Is the Imperial Presidency Inevitable

"Is the Imperial Presidency Inevitable," review of The Executive Unbound, by Eric A. Posner and Adrian Vermeule, New York Times, 13 March 2011.

Excerpt:

In “The Executive Unbound,” Eric A. Posner and Adrian Vermeule, law professors at Chicago and Harvard, respectively, offer with somewhat alarming confidence the “Weimar and Nazi jurist” Carl Schmitt as their candidate to succeed James Madison for the honor of theorist of the Constitution.

James Madison — until now the father of the Constitution — a theorist of rights, the social contract and consent of the governed, is to cede his place to a man who when confronted with the choice between liberal democracy, Communism and Nazism, chose the last. Let’s see what our authors say on behalf of this remarkable substitution.

Madison, taken as spokesman for all the founders, provides, they argue, the basis for “liberal legalism,” the view that the rule of law can be sustained by the separation of executive, legislative and judicial powers. This, Posner and Vermeule say, is legalism because Madison supposes that the formal separation of the three powers in the Constitution can of itself prevent the tyranny of one of them. True, Madison himself, in Federalist No. 48, disparaged mere formal limitations with his famous phrase “parchment barriers,” declaring that strong words on fancy paper will have no power to deter tyranny and support the rule of law. But neither do the Constitution’s words, the authors respond. They see little difference between mere words of exhortation demanding good behavior and words backed up by separate powers in the Constitution that are intended to prevent one power from acting alone.
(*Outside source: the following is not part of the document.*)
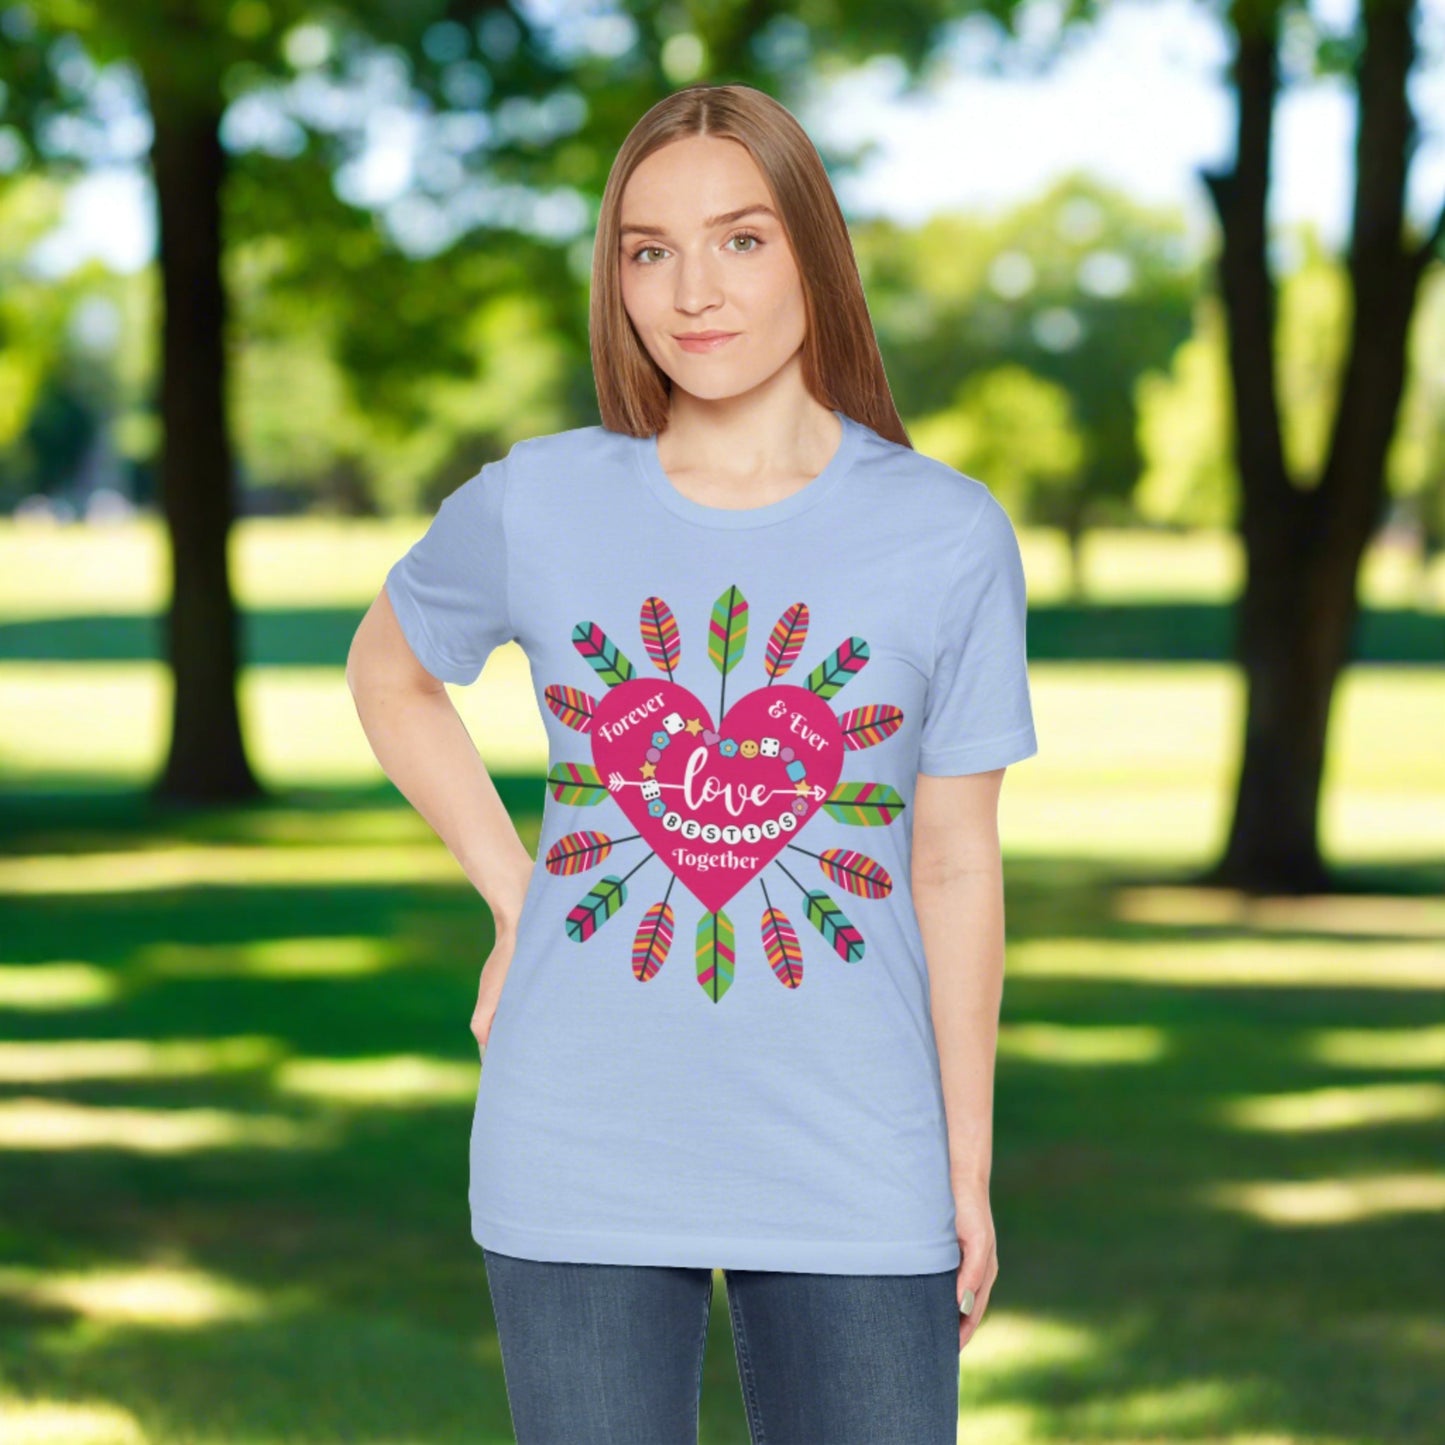 inside a pink heart is the message Besties Forever Together Love is the message on this light blue tee with a feather dream catcher surrounding the shape of a pink heart

According to Posner and Vermeule, we now live under an administrative state providing welfare and national security through a gradual accretion of power in executive agencies to the point of dominance. This has happened regardless of the separation of powers. The Constitution, they insist, no longer corresponds to “reality.” Congress has assumed a secondary role to the executive, and the Supreme Court is “a marginal player.” In all “constitutional showdowns,” as they put it, the powers that make and judge law have to defer to the power that administers the law.